If the game isn’t likely to end in a solo win, accepting a draw is the right thing to do. If this doesn’t happen, the game is going to fall into the abyss of despair.

There are some peculiar ideas about a draw out there:

  1. It’s a loss. No – a loss is when someone wins; if no-one wins, it’s a draw.
  2. It’s a win. It might feel like a win: if you’ve struggled through the game, surviving on a small number of units, scrabbling around to find help, then it might leave a good feeling to have achieved the result. But neither you, nor anyone else, achieved the winning objective. Dressing a pig in a wedding dress doesn’t make it a bride.

There is also a terrible strategy in online play which needs to be smashed. A game has reached an impasse. This might be a genuine stalemate, where both sides simply can’t break through the defensive lines. It might be a deadlock, where a leader is being held at bay by a Grand Alliance (or Stop-the-Leader alliance), or where two alliances can’t break through and no player dares to break off.

What is the best way forward? Accept the game is over and take the draw, surely.

Well, some players simply won’t do this. Instead they refuse draw proposals and hold out. For what? For a change in alliance structure? Well, fair enough – but there has to be a point where this is obviously not going to happen.

These players are usually holding out for something else – for a player to get tired of the ridiculous situation, throw up his hands, and drop out.

OK, it’s a way to play but it’s destroying the priority of having fun. Grow up and accept the draw.

Be resilient
Diplomacy is a game where it is easy to quit. There are seven players. For one player to win there needs to be six losers. Even if the game ends in a draw, there will still be players eliminated.

There are three outcomes to a game: win, draw, or lose. Few players will drop out of a game simply because they realize they’re unlikely to win outright. Some players will quit a game if they’re struggling to survive.

When you enter a game – any game, but especially Diplomacy ​ – you are entering a contract with the other players. The extent of this contract may be debatable: I believe it is to play the best you can, but it may be simply taken as participating.

What the contract clearly is, however, is to play the game. Quitting at the first sign of trouble should mean you’re not wanted in another game.
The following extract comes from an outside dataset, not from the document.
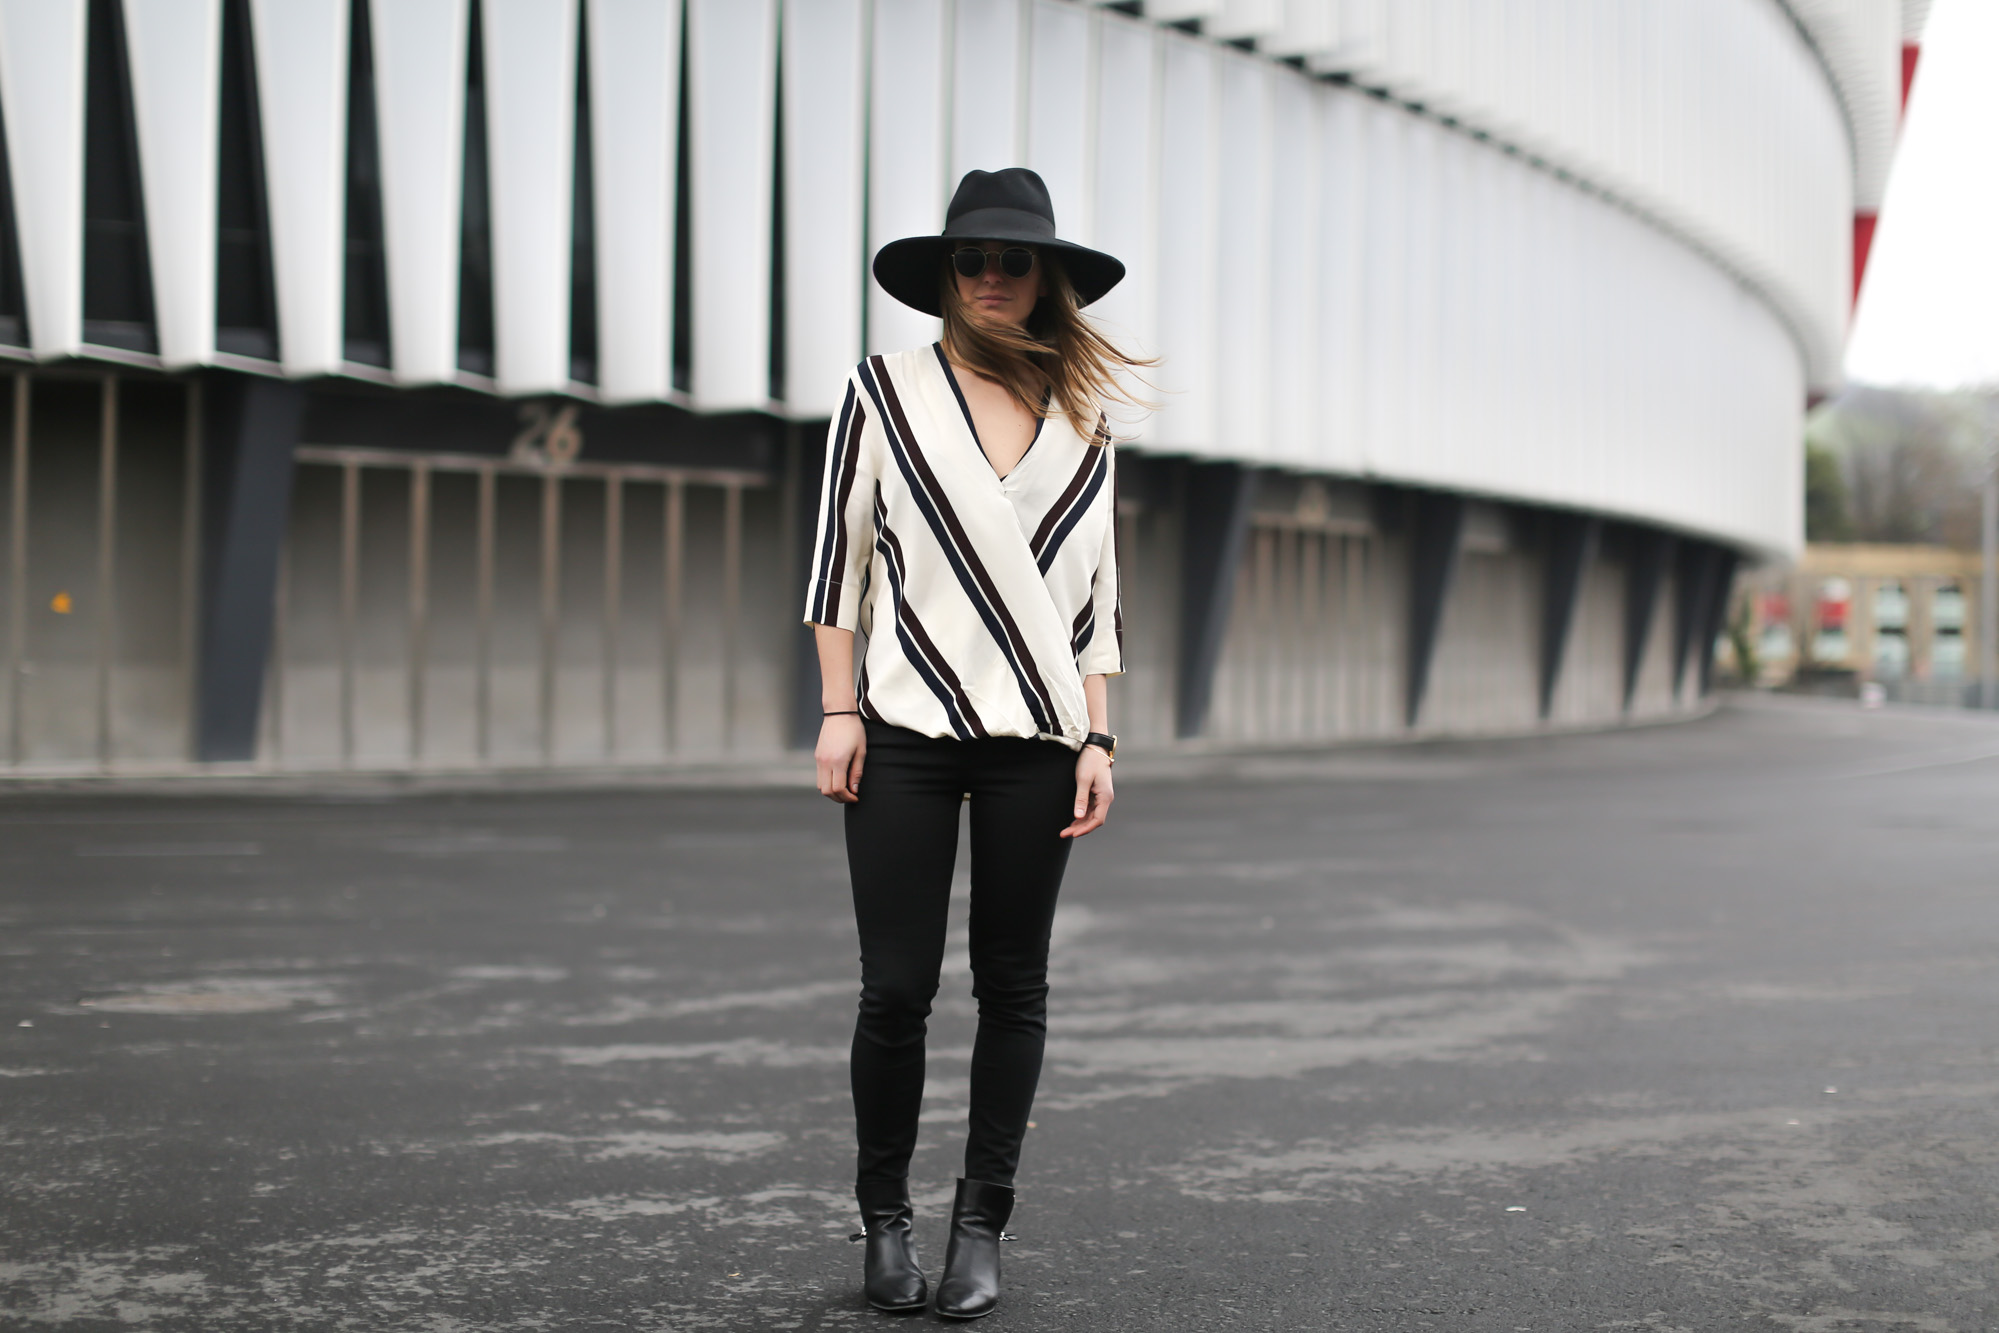 Clochet-streetstyle-topshop-shirt-fedora-hat-mango-leather-biker-jacket-12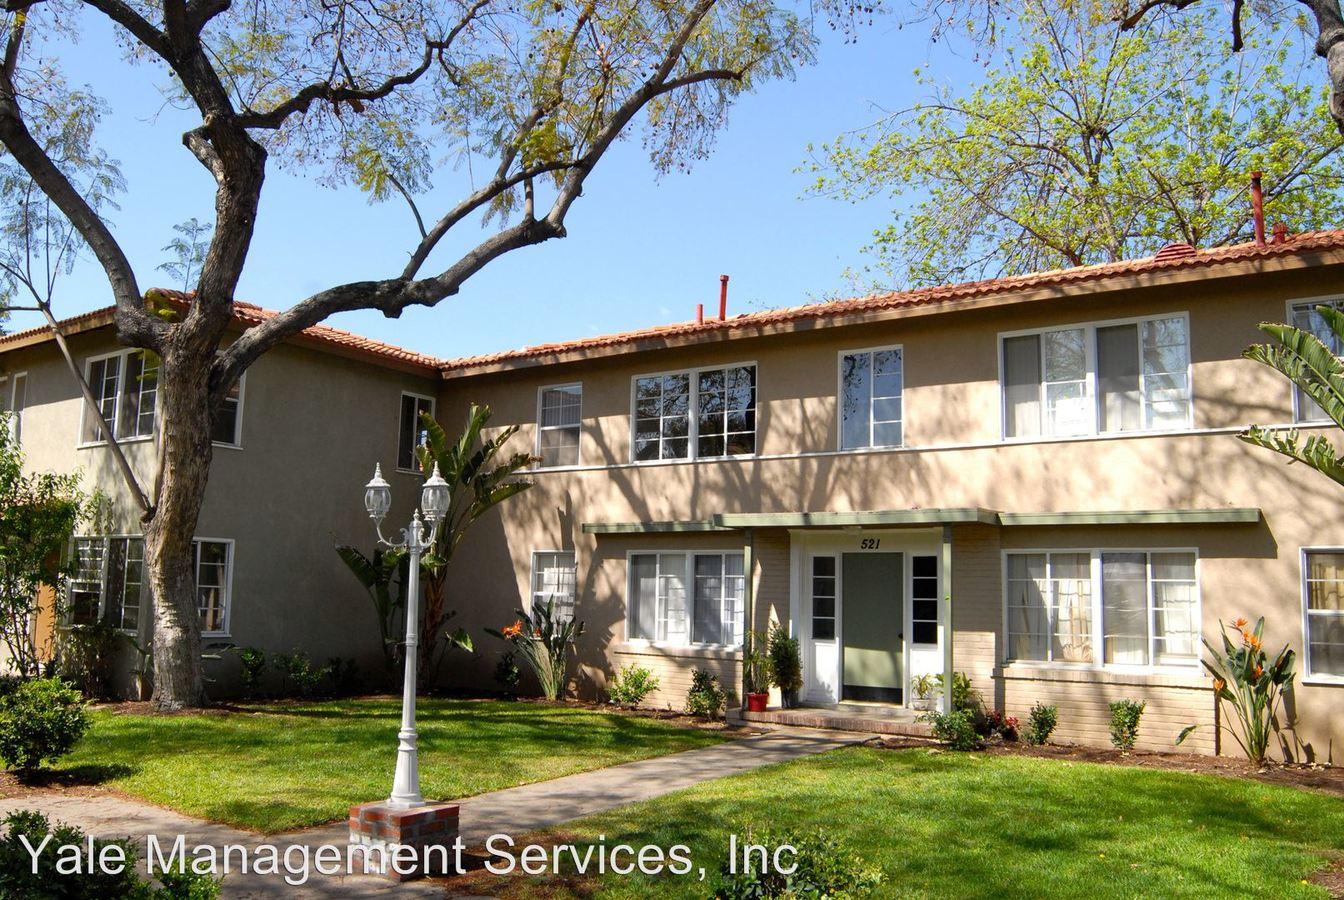 1 Bedroom 1 Bathroom Apartment for rent at 645 W Pomona Blvd in Monterey Park, CA

I’m not going to say a lot about planning here – it’ll be another article! However, it would be silly to leave planning out of the discussion.

If you like, think of a game of Diplomacy as a project. A project has a series of goals; it is planned in order to ensure those goals are met. The goal in Dip is to own 18 SCs; it makes sense to plan how you’re going to achieve this.

Come back next time...

Playing Well
There are different formats in which Diplomacy is played, and each format has some impact on how games should be approached. Scoring systems can change the game, especially when the game is part of a tournament or a league. Playing to a short end-game date will mean you might approach the game differently, perhaps more aggressively. Simply playing on the net might change the way you play.

However, if the basics and the priorities are right, you’ll do well no matter the format. I’m not claiming you’ll win but you’ll play better for sure.